DATA EXCERPT
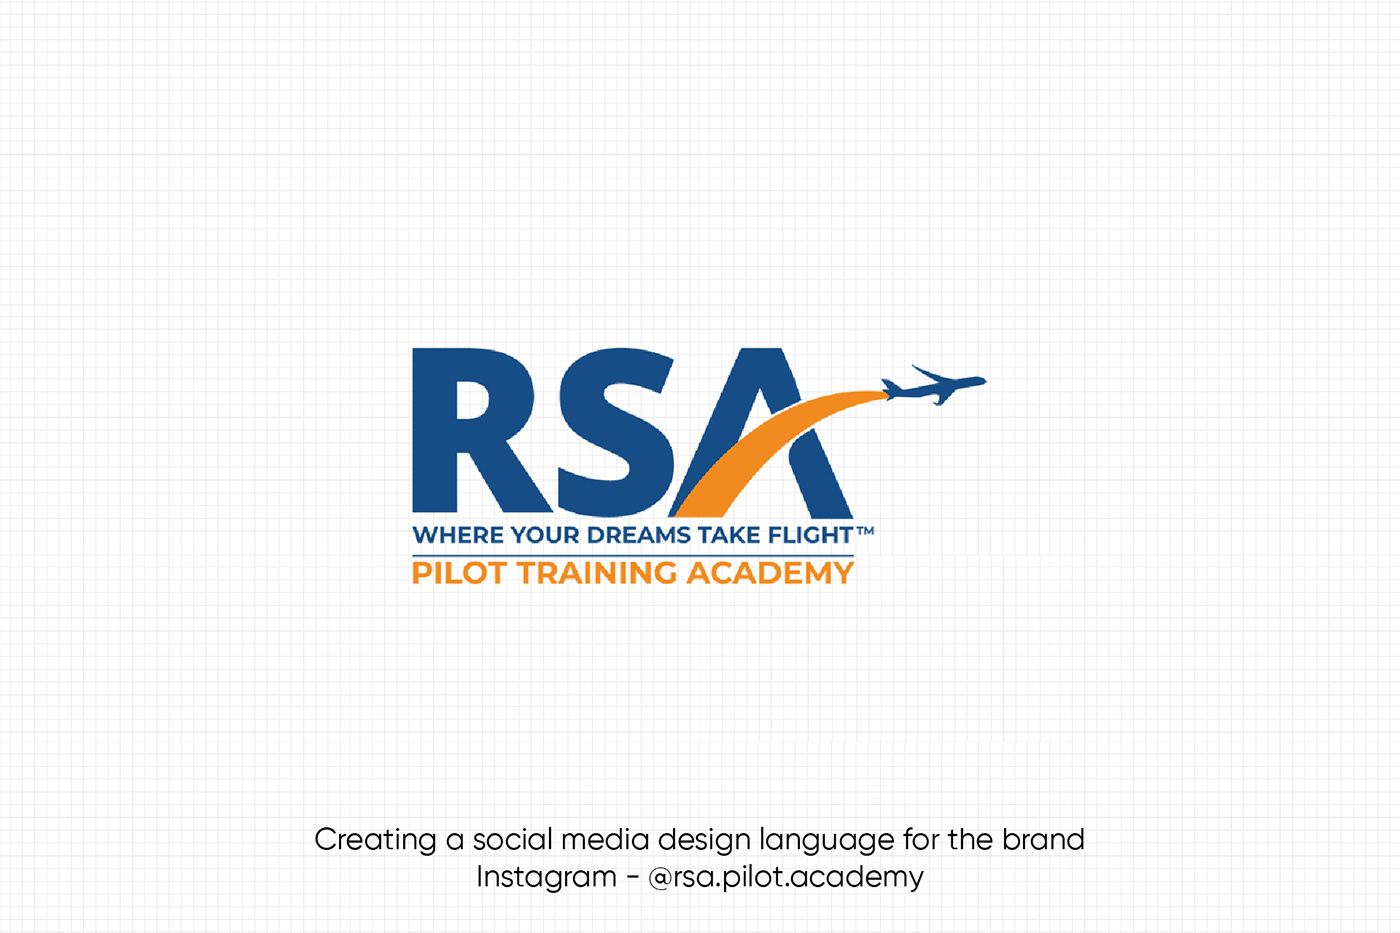 Rsa Social media post design language design thinking
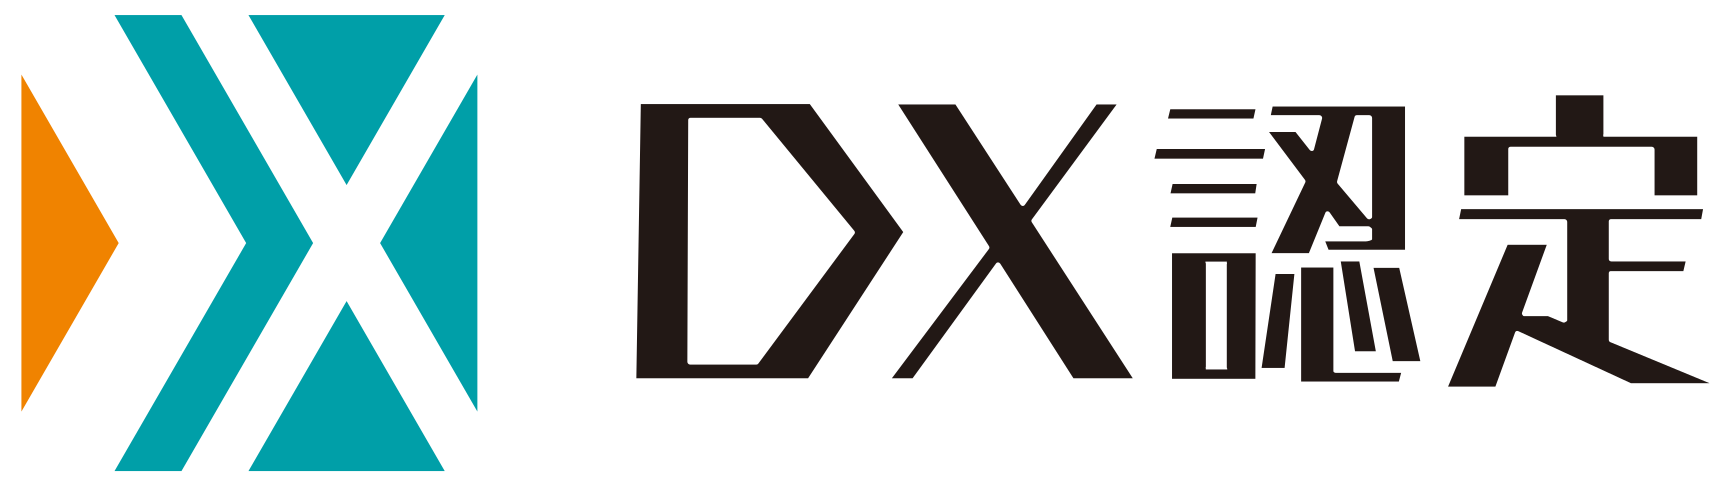 DX認定ロゴ_Trim.png
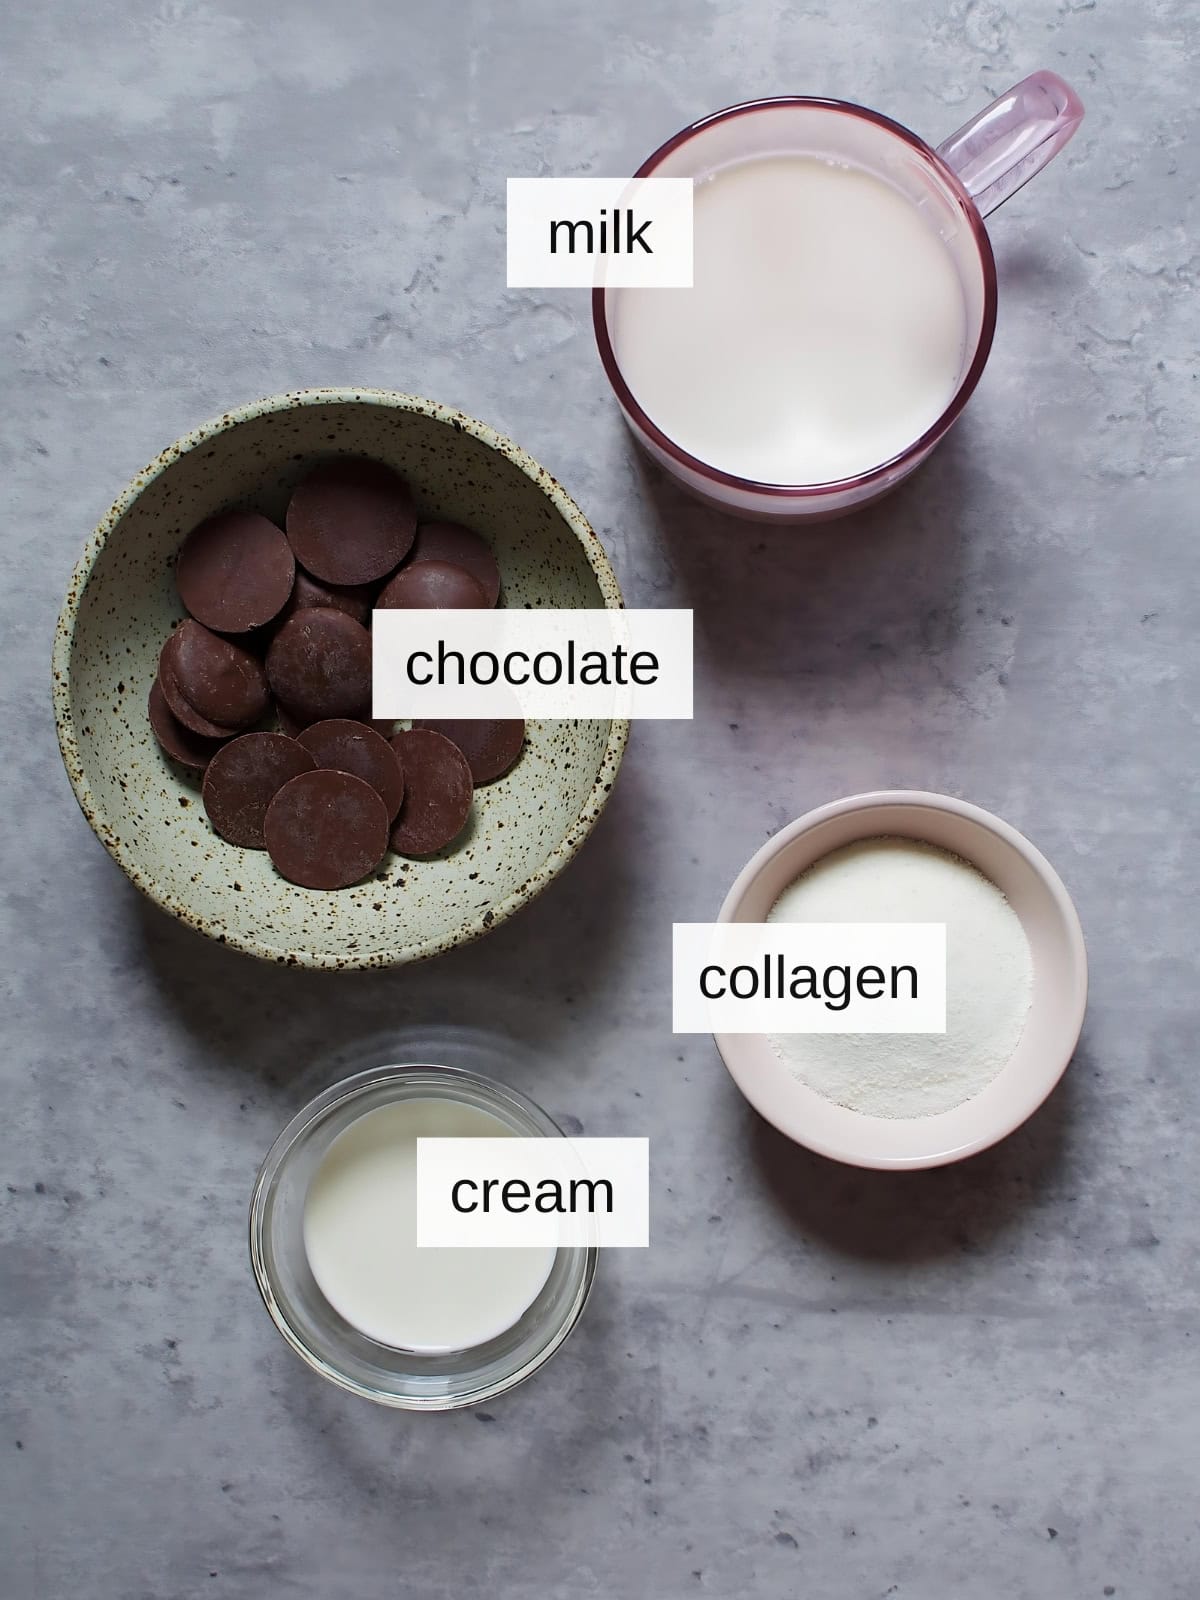 Collagen hot chocolate recipe ingredients with milk, chocolate, collagen, and cream

WHAT TO WORK ON
Reprint the listing above verbatim but drop the images.

TASK SOLUTION
 Rsa Social media post design language design thinking
 DX認定ロゴ_Trim.png
 Collagen hot chocolate recipe ingredients with milk, chocolate, collagen, and cream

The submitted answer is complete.